WHAT YOU WILL DO =>
From the line with "Shoulder drive" through the line with "Trendy Exclusive Fabrics", inclusive, return each line of the data below exactly and leave the rest out.

DATASET =>
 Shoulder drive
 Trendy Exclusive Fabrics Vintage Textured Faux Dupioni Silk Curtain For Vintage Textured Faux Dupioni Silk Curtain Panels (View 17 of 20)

...

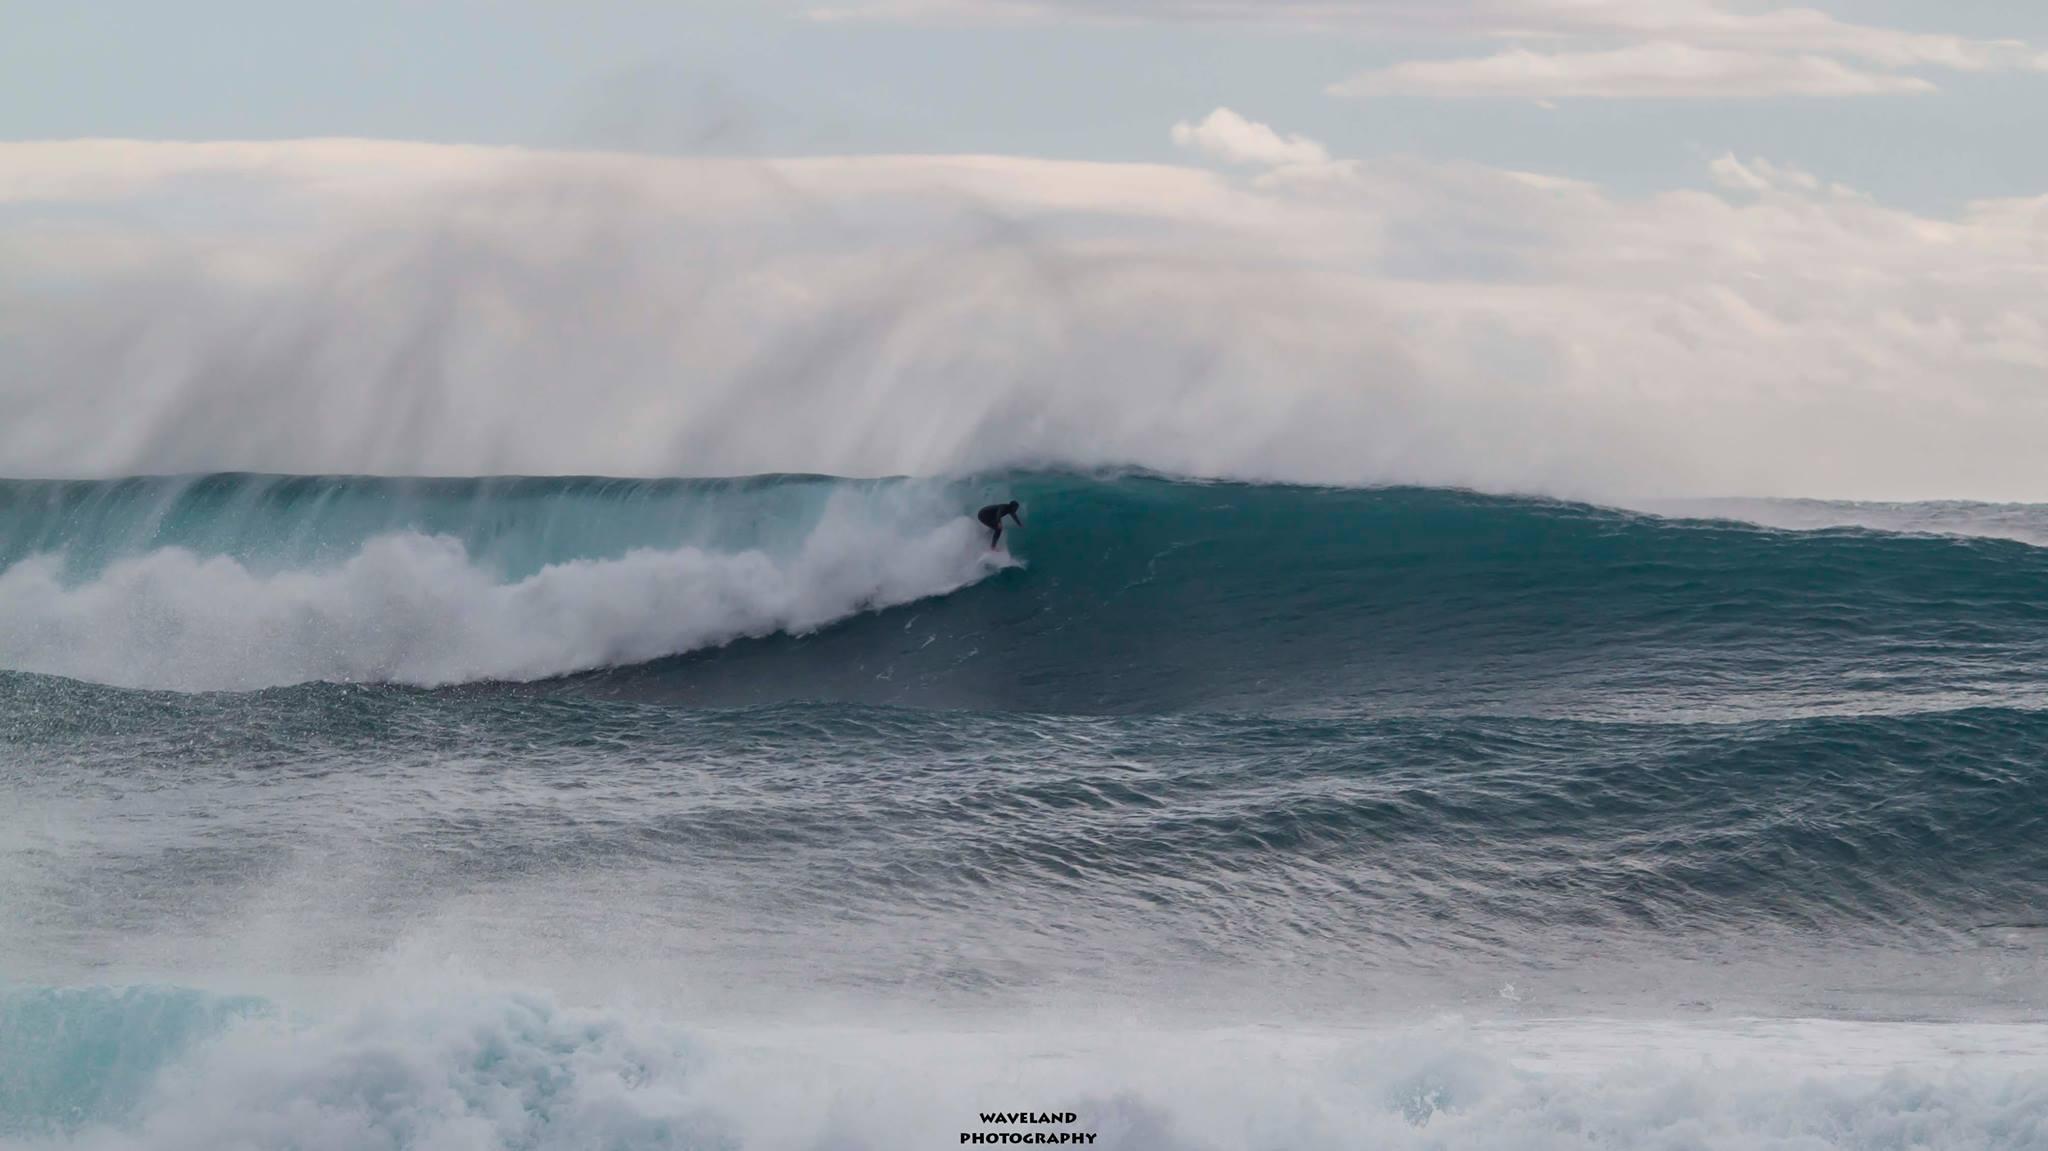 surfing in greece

FINISHED TASK =>
 Shoulder drive
 Trendy Exclusive Fabrics Vintage Textured Faux Dupioni Silk Curtain For Vintage Textured Faux Dupioni Silk Curtain Panels (View 17 of 20)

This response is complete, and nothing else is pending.